Kavli Affiliate: Marcelo Mattar
| Authors: Hua-Dong Xiong, Li Ji-An, Marcelo G Mattar and Robert C Wilson
| Summary:
Cognitive models are widely used in psychology and neuroscience to formulate and test hypotheses about cognitive processes. These processes are characterized by model parameters, which are then used for scientific inference. The reliability of scientific conclusions from cognitive modeling depends critically on the reliability of parameter estimation, yet estimating parameters remains a universal challenge particularly when data are too limited to constrain them. In such cases, multiple sets of parameters may explain the experimental data equally well within the same model, raising the question of which parameters are scientifically meaningful. We refer to this problem as parameter ambiguity. In this paper, we investigate parameter ambiguity in reinforcement learning under two optimization methods. We employ the de facto Nelder-Mead method (fminsearch) and a neural network trained to estimate parameters using a modern deep learning pipeline, which has seen limited application in cognitive modeling. Across ten decision-making datasets, we consistently find that the two methods produce substantially different parameter estimates despite achieving nearly identical fitting performance. To address this ambiguity, we introduce a systematic evaluation framework that goes beyond predictive accuracy to assess generalizability, robustness, identifiability, and test-retest reliability, thereby offering principled guidance on which parameter estimates should inform scientific inference.
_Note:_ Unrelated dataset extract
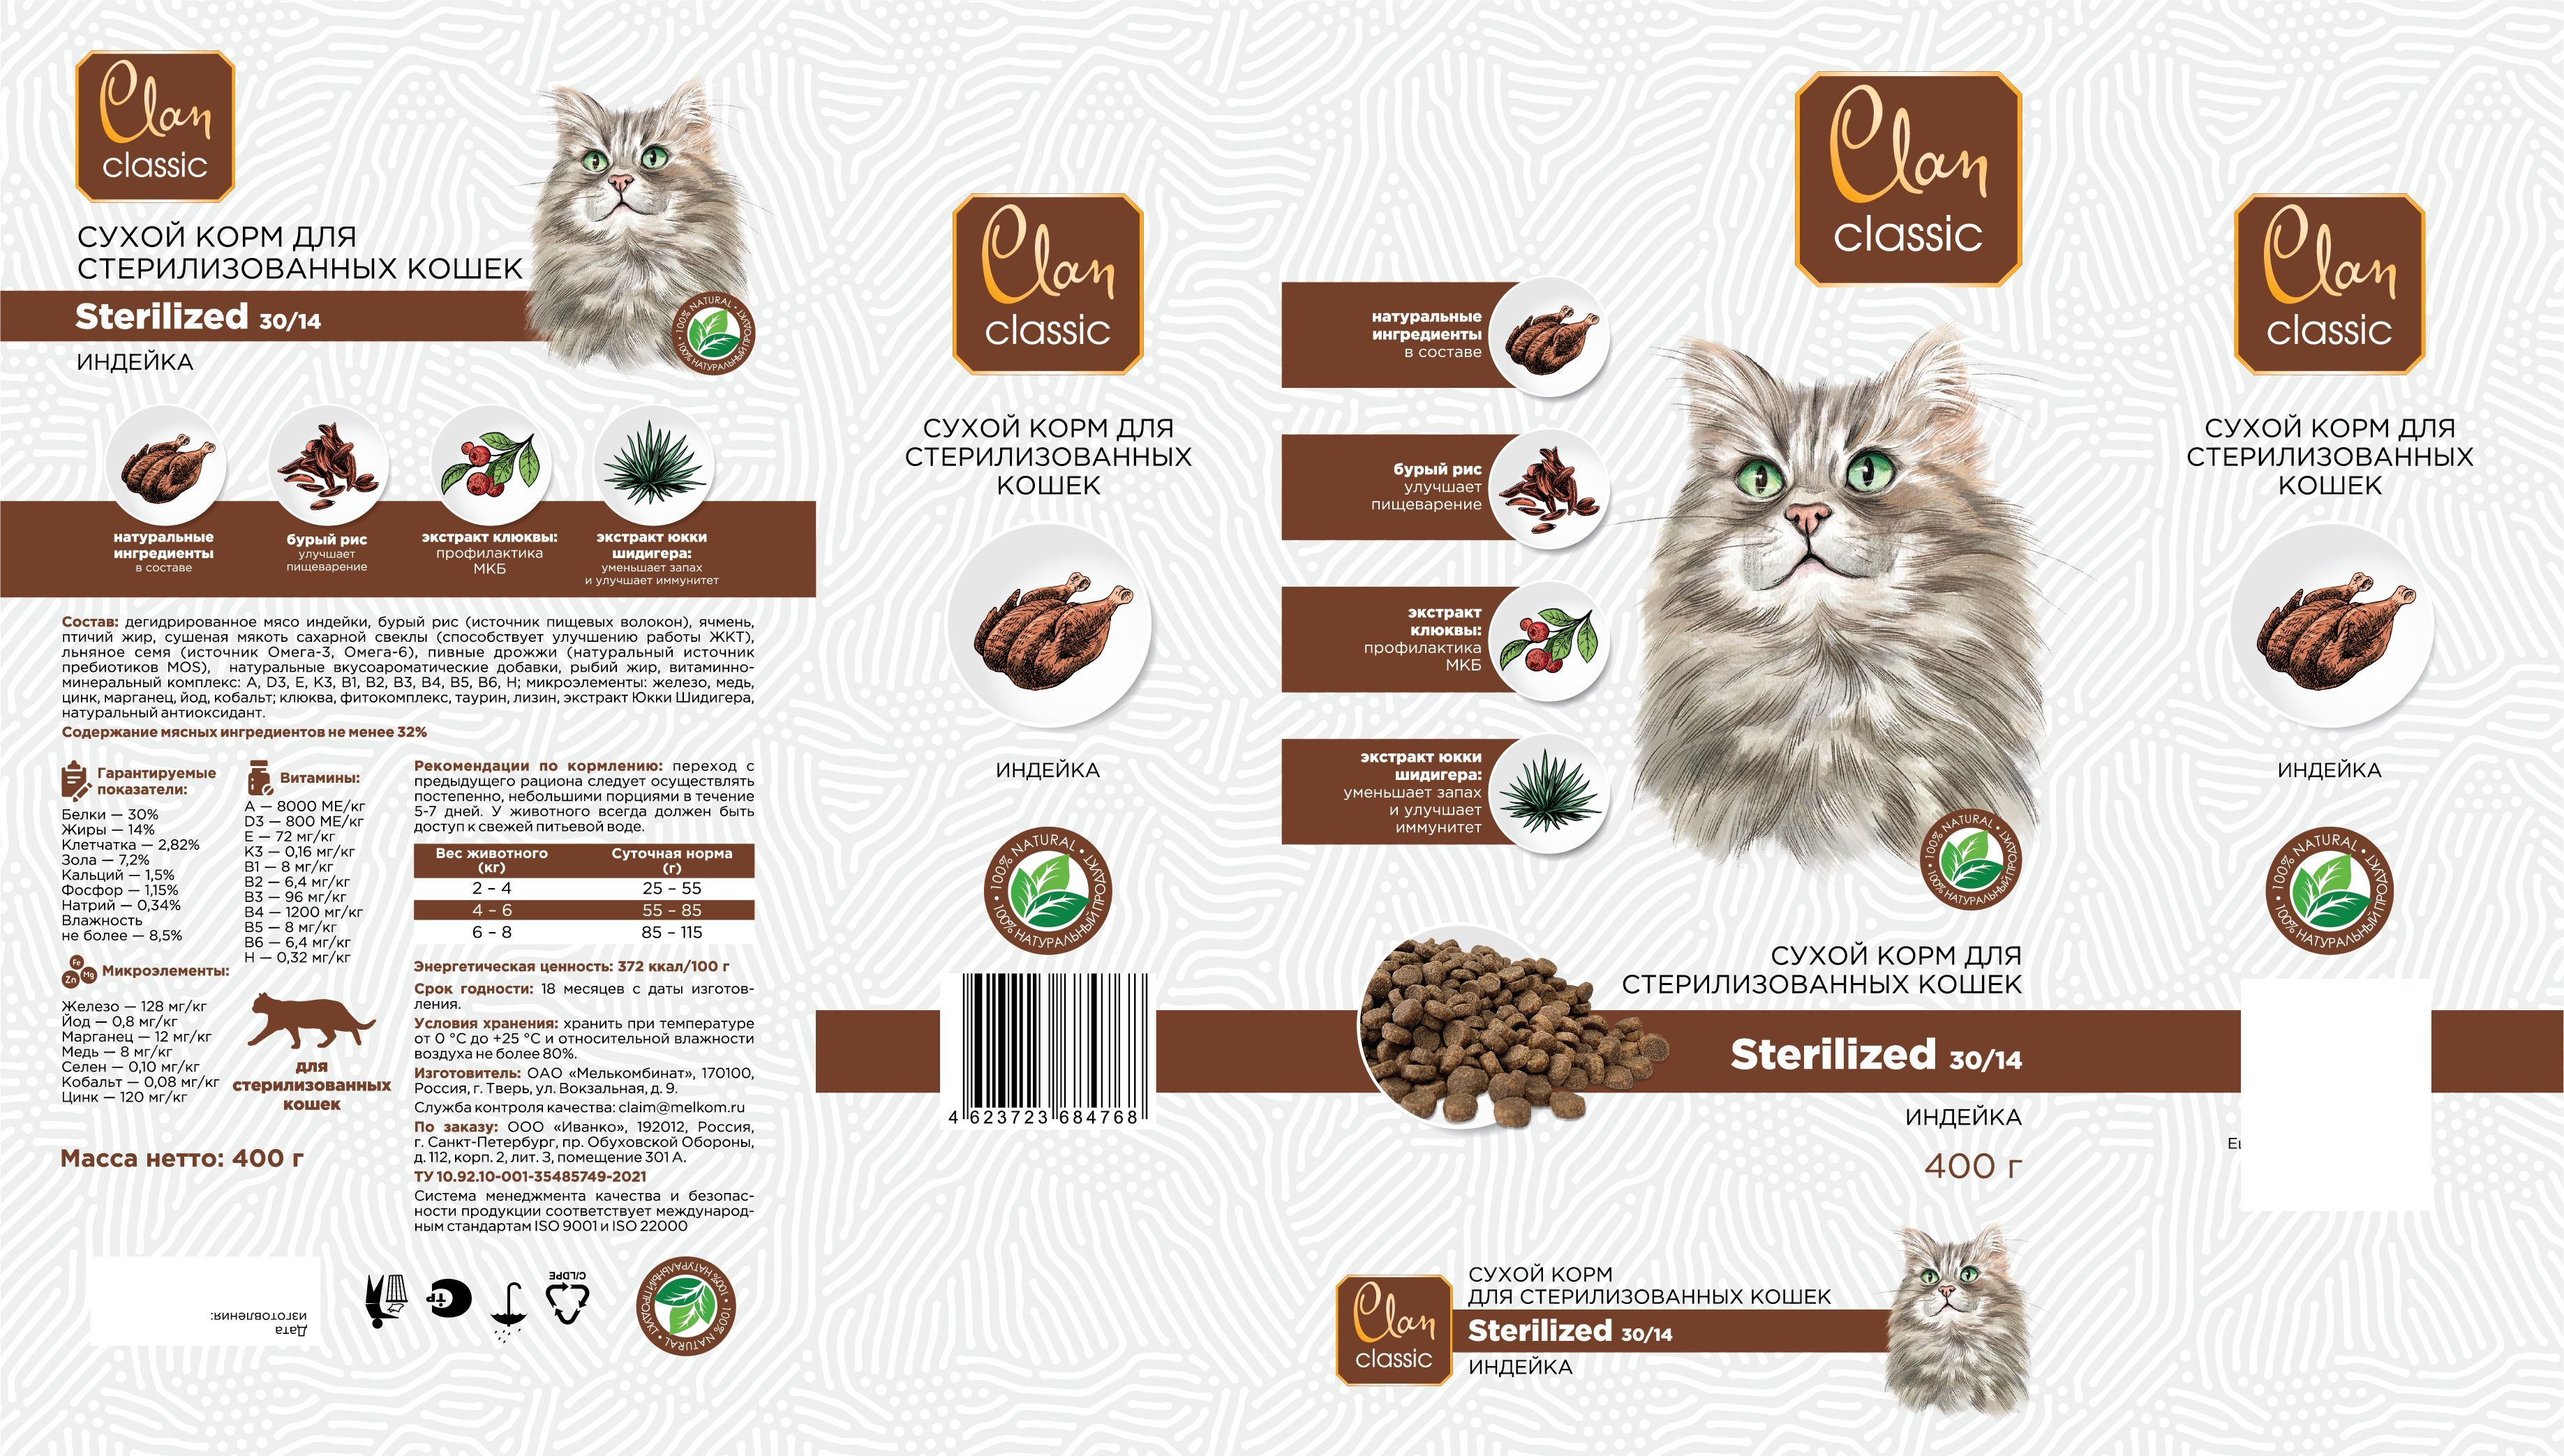 Clan classic для кошек. Корм Clan Classic. Корм Clan Classic Sterilized 30/14 для стерилизованных кошек, с индейкой. Clan Classic Sterilized-30/14 корм для стерилизованных кошек (индейка ), 400 г. Clan Classic сухой корм для кошек.

Applying this framework reveals that the neural network with a deep learning pipeline outperforms across these metrics. Our study establishes parameter ambiguity as an underappreciated challenge with significant implications for scientific replicability, highlighting that the choice of optimization method is a critical factor shaping scientific conclusions. We advocate for our multi-faceted evaluation approach to ensure reliable scientific inference and for broader integration of modern deep learning pipelines into cognitive modeling.